(Items from a dataset)
━━━━━━━━
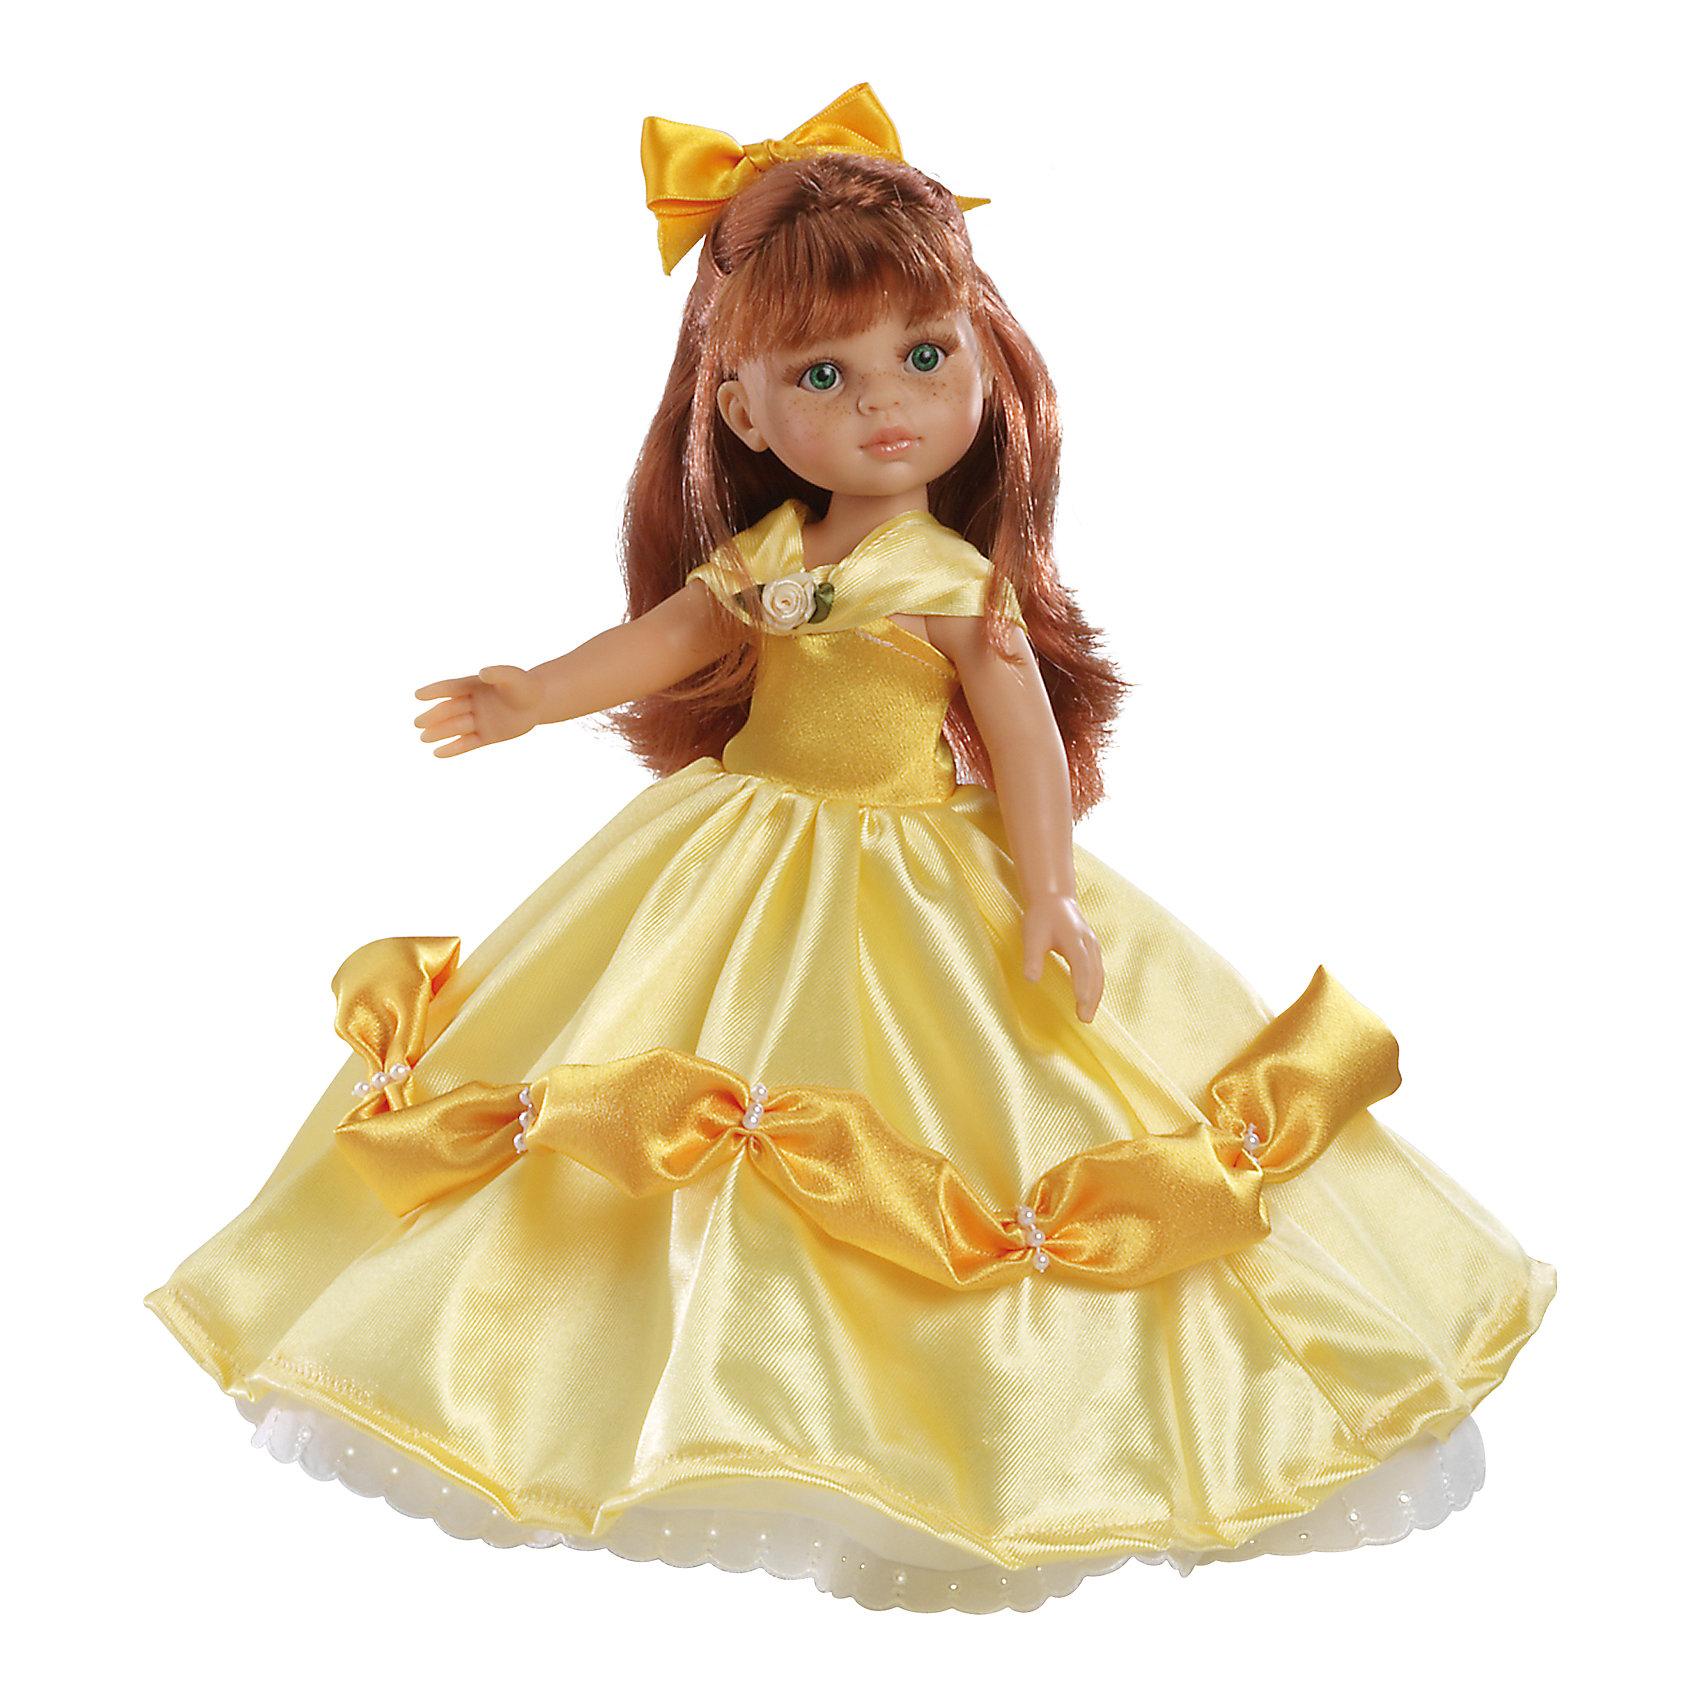 Кукла Кристи принцесса 32 см, Paola ReinaКлассические куклы<br>Кукла имеет нежный ванильный аромат; уникальный и неповторимый дизайн лица и тела; ручная работа (ресницы, веснушки, щечки, губы, прическа); волосы легко расчесываются и блестят; ручки, ножки и голова поворачиваются. <br>Качество подтверждено нормами безопасности EN17 ЕЭС. <br>Материалы: кукла изготовлена из винила; глаза выполнены в виде кристалла из прозрачного твердого пластика; волосы сделаны из высококачественного нейлона.<br><br>Ширина мм: 110<br>Глубина мм: 230<br>Высота мм: 410<br>Вес г: 708<br>Возраст от месяцев: 36<br>Возраст до месяцев: 144<br>Пол: Женский<br>Возраст: Детский<br>SKU: 4795912
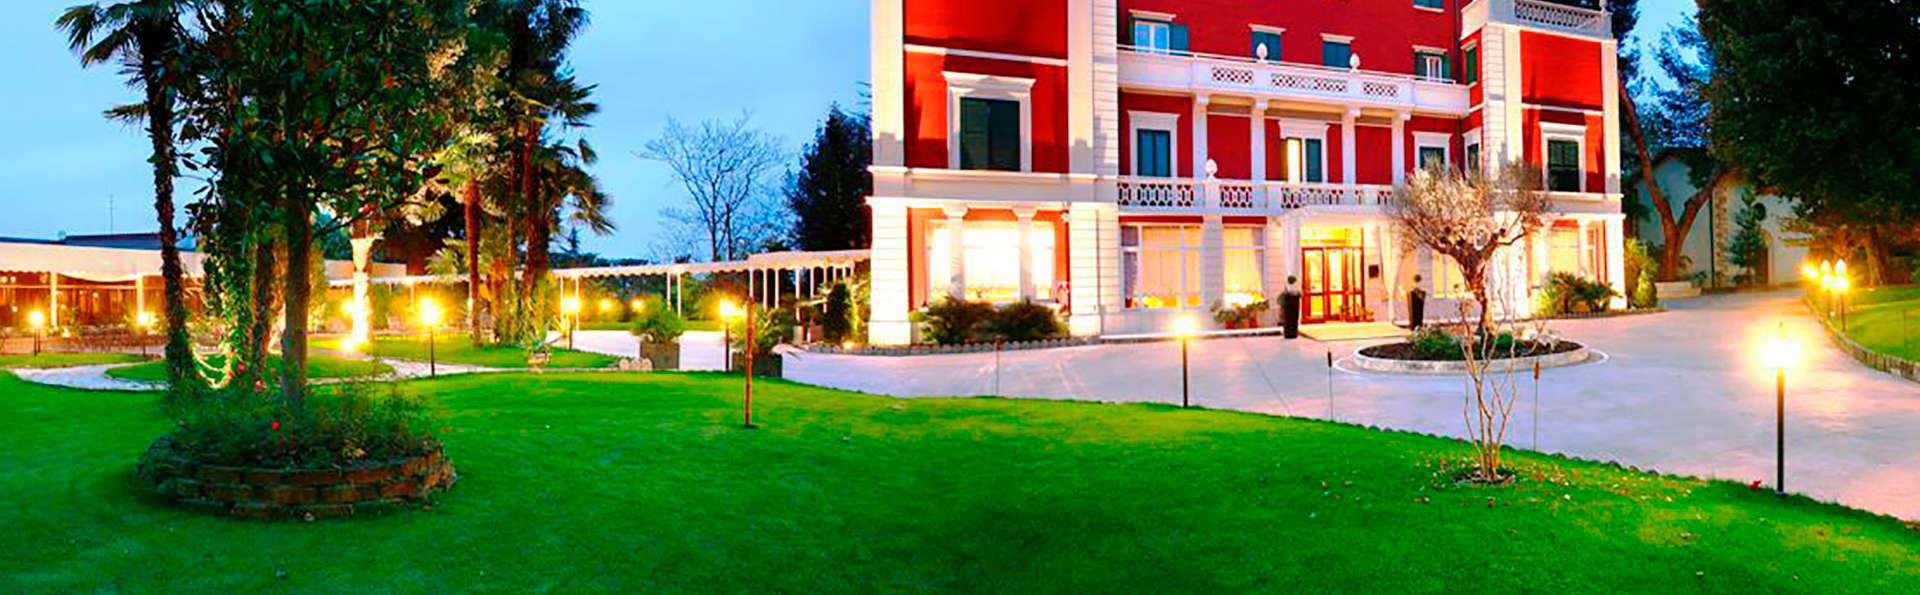 Hotel Villa Pigna - EDIT_front.jpg
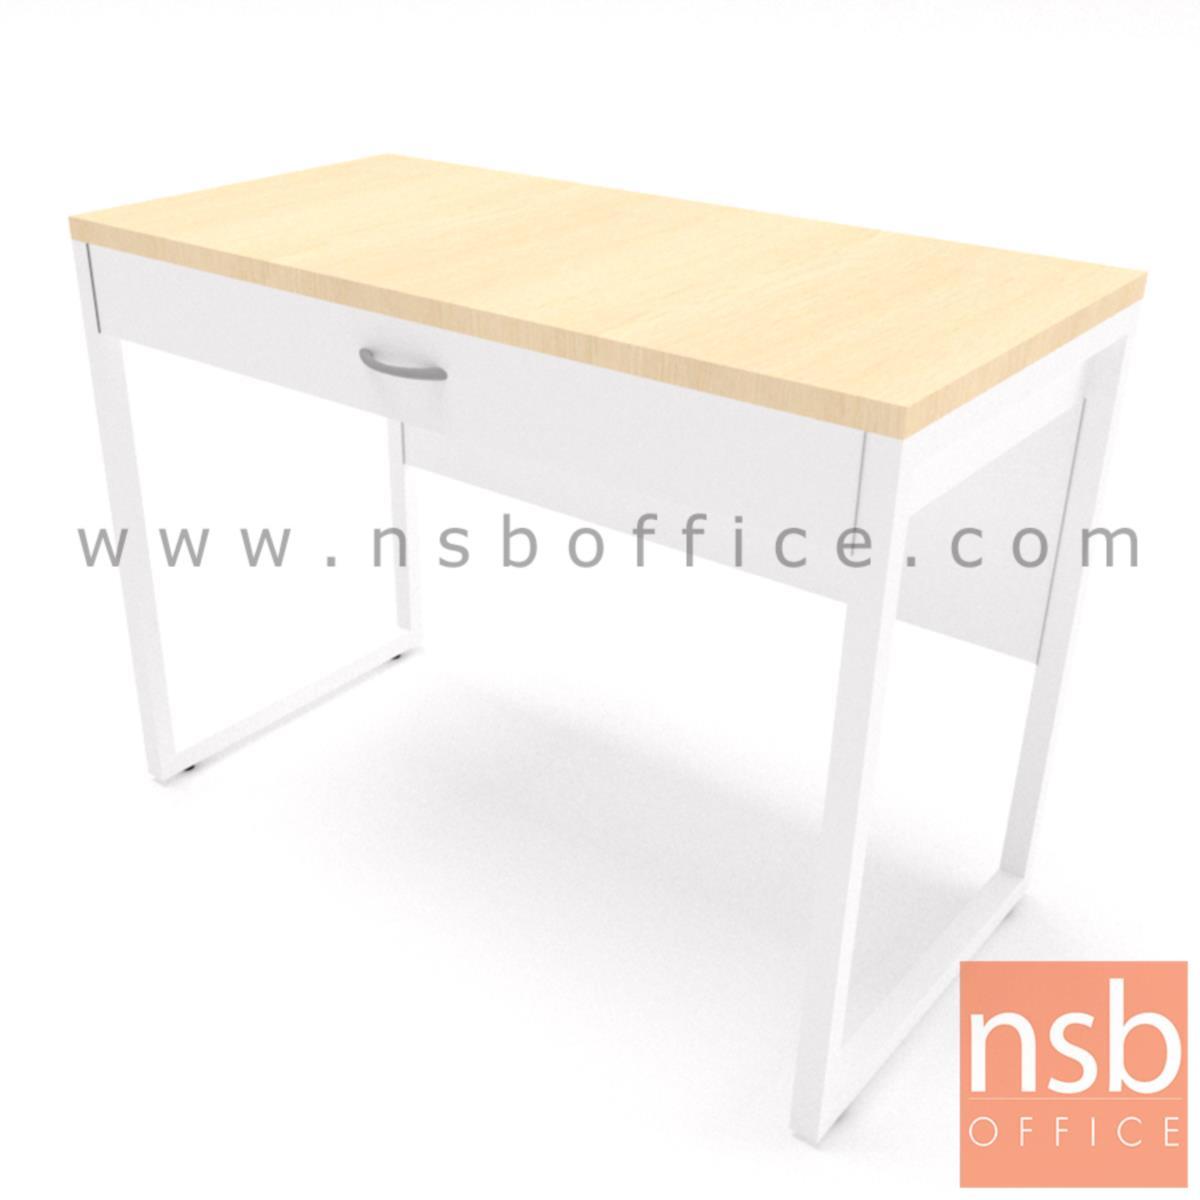 A10A093:โต๊ะทำงาน 1 ลิ้นชัก รุ่น Marie (มารียา) ขนาด 80W, 100W cm. ขาเหล็ก
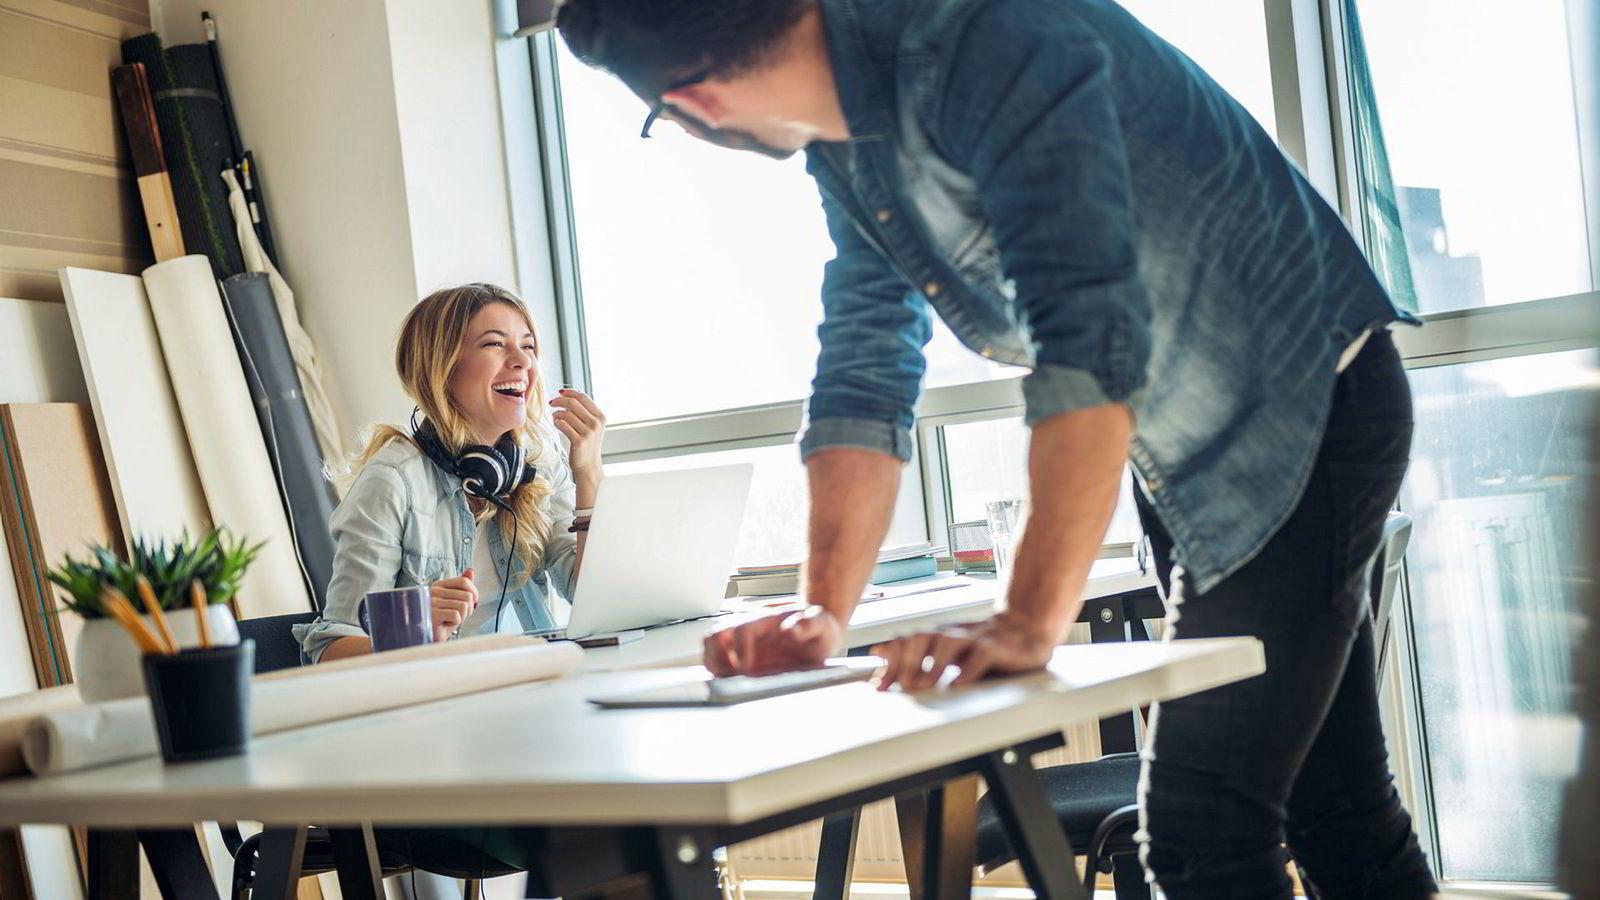 Ved å feire gjennombrudd og dele historier om hva vi har lykkes med, kan vi legge grunnlag for å ha det morsommere og få til mer sammen på jobb.
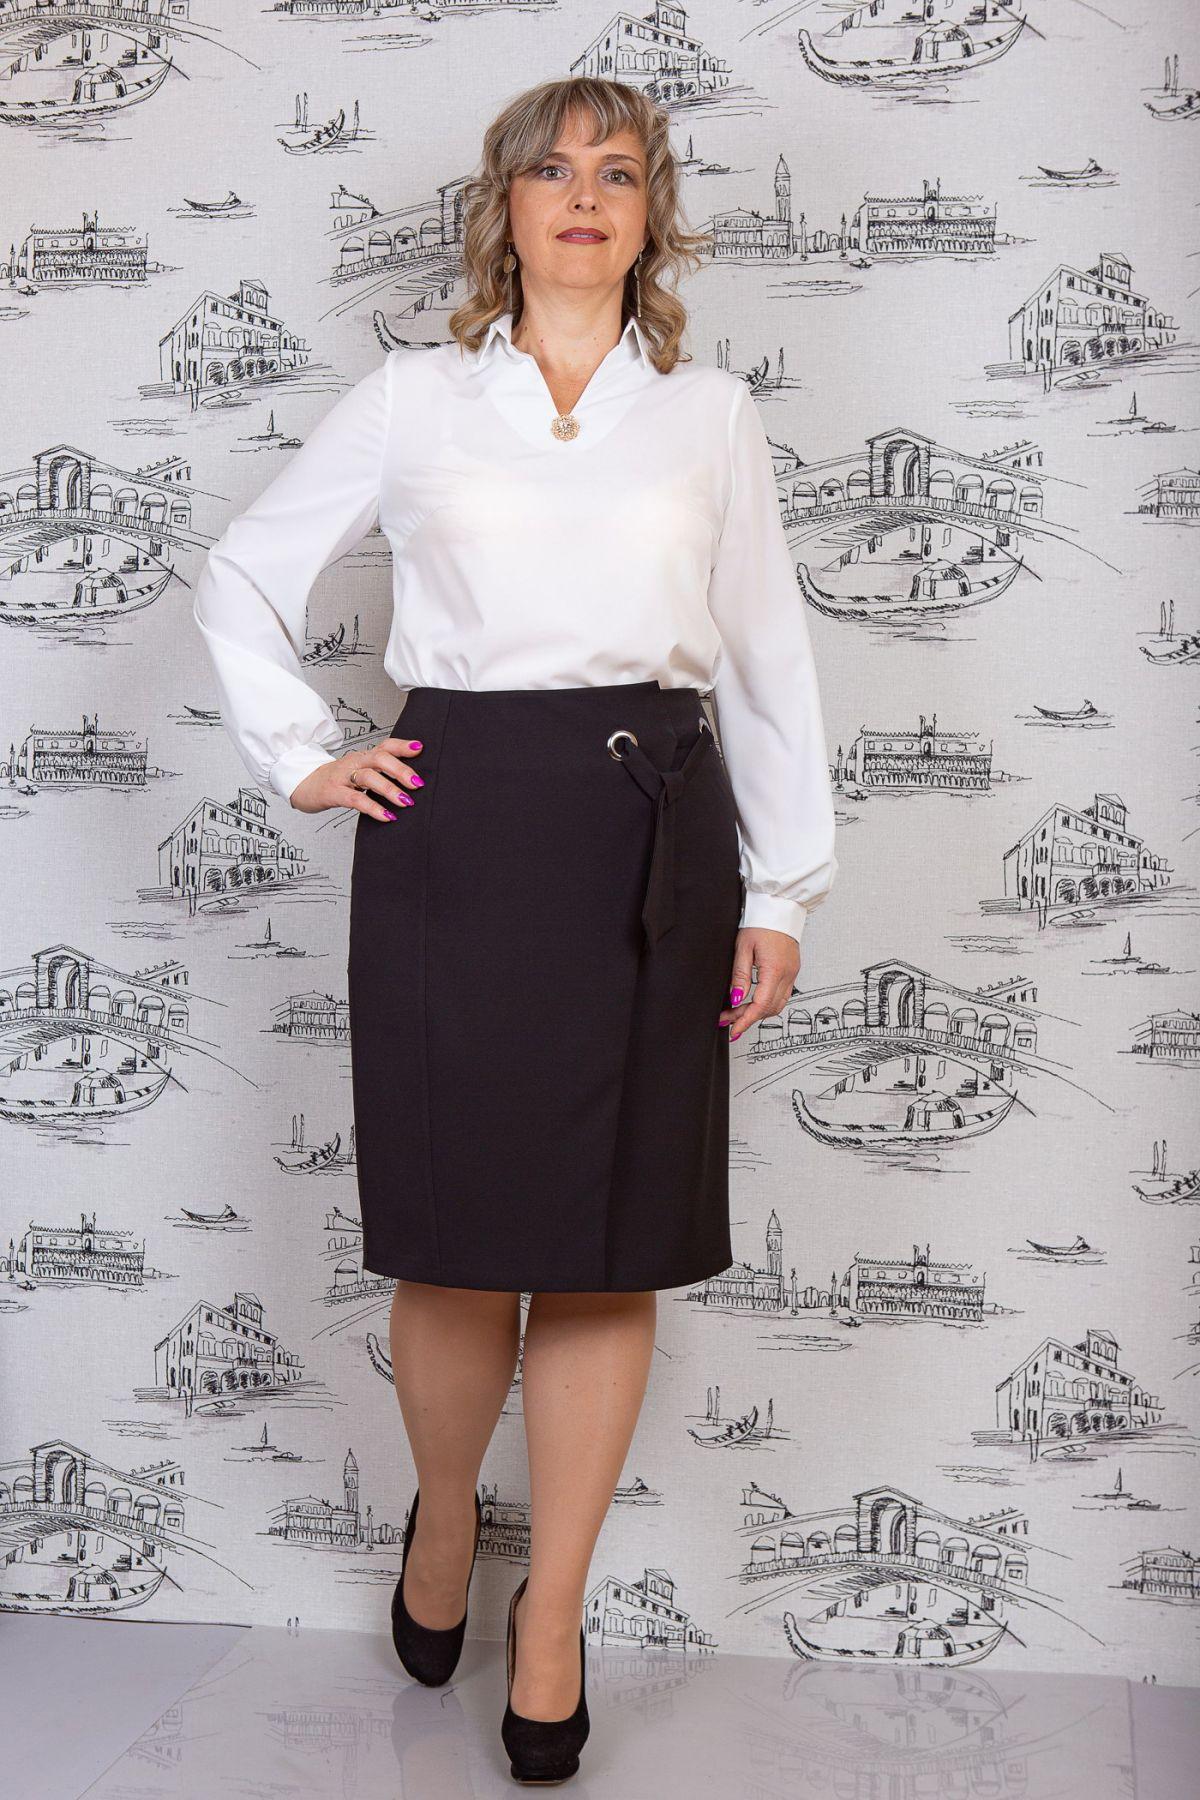 f591d519100 Женская одежда оптом от производителя по низким ценам. Швейная ...
━━━━━━━━
• [TASK TO COMPLETE] With the pictures excluded, retype the records above verbatim.

• [COMPLETED EXERCISE]
 Кукла Кристи принцесса 32 см, Paola ReinaКлассические куклы<br>Кукла имеет нежный ванильный аромат; уникальный и неповторимый дизайн лица и тела; ручная работа (ресницы, веснушки, щечки, губы, прическа); волосы легко расчесываются и блестят; ручки, ножки и голова поворачиваются. <br>Качество подтверждено нормами безопасности EN17 ЕЭС. <br>Материалы: кукла изготовлена из винила; глаза выполнены в виде кристалла из прозрачного твердого пластика; волосы сделаны из высококачественного нейлона.<br><br>Ширина мм: 110<br>Глубина мм: 230<br>Высота мм: 410<br>Вес г: 708<br>Возраст от месяцев: 36<br>Возраст до месяцев: 144<br>Пол: Женский<br>Возраст: Детский<br>SKU: 4795912
 Hotel Villa Pigna - EDIT_front.jpg
 A10A093:โต๊ะทำงาน 1 ลิ้นชัก รุ่น Marie (มารียา) ขนาด 80W, 100W cm. ขาเหล็ก
 Ved å feire gjennombrudd og dele historier om hva vi har lykkes med, kan vi legge grunnlag for å ha det morsommere og få til mer sammen på jobb.
 f591d519100 Женская одежда оптом от производителя по низким ценам. Швейная ...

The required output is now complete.